# [Work request]
Below are some records; quote exactly the lines from the one that contains "1-57 Fireplace mantel" through the one that contains "South Korean actors", inclusive, and no others.

Top of Record excerpts

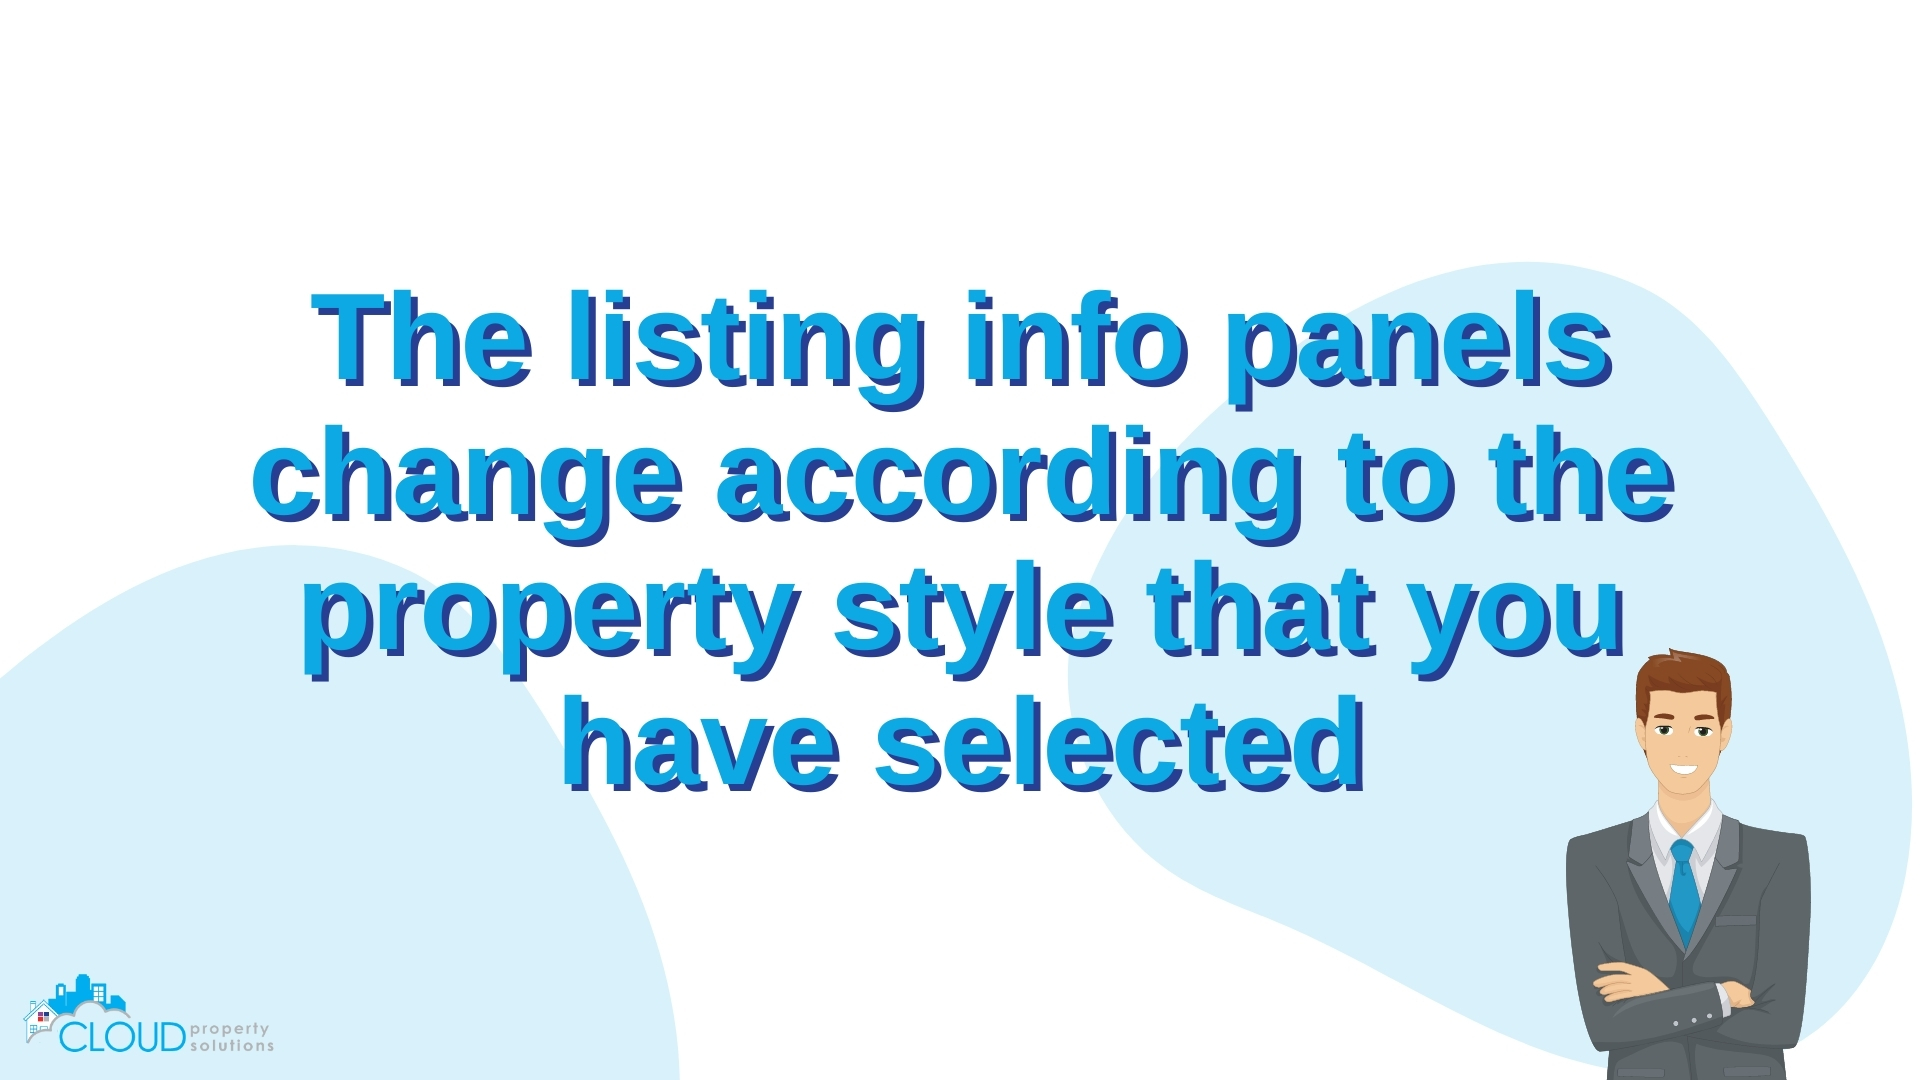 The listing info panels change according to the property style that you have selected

Bottom of Record excerpts
Top of Record excerpts

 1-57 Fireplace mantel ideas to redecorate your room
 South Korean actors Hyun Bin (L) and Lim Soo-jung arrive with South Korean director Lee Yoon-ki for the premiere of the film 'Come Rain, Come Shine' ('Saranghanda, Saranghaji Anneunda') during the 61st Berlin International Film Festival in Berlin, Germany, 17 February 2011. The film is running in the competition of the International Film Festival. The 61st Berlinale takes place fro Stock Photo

Bottom of Record excerpts
Top of Record excerpts

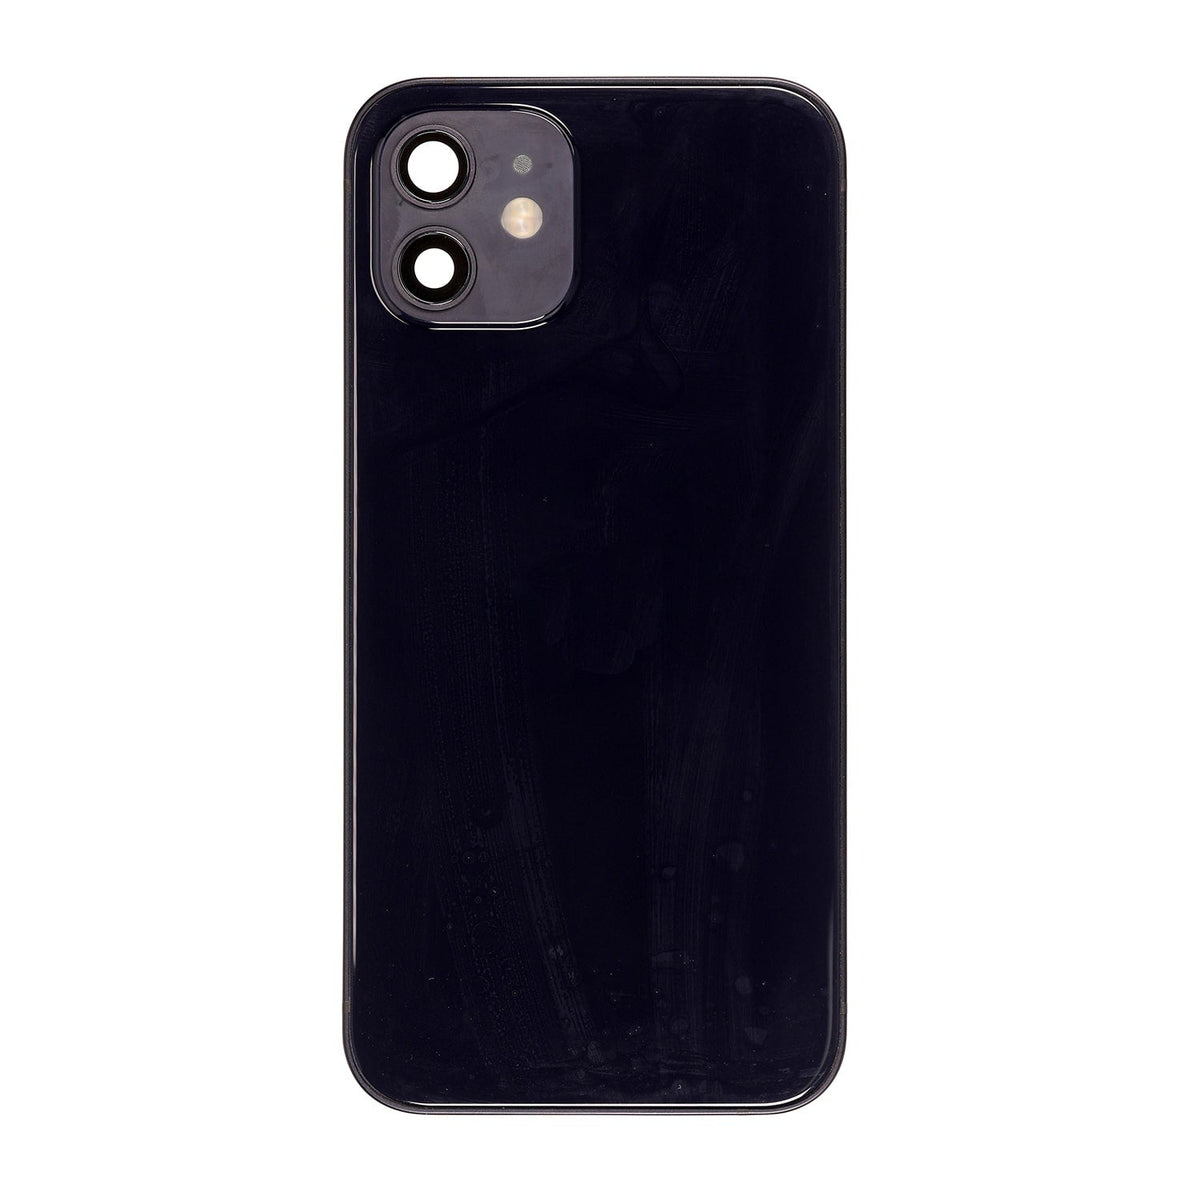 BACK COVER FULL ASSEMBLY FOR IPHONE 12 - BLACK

Bottom of Record excerpts

# [Expected answer]
 1-57 Fireplace mantel ideas to redecorate your room
 South Korean actors Hyun Bin (L) and Lim Soo-jung arrive with South Korean director Lee Yoon-ki for the premiere of the film 'Come Rain, Come Shine' ('Saranghanda, Saranghaji Anneunda') during the 61st Berlin International Film Festival in Berlin, Germany, 17 February 2011. The film is running in the competition of the International Film Festival. The 61st Berlinale takes place fro Stock Photo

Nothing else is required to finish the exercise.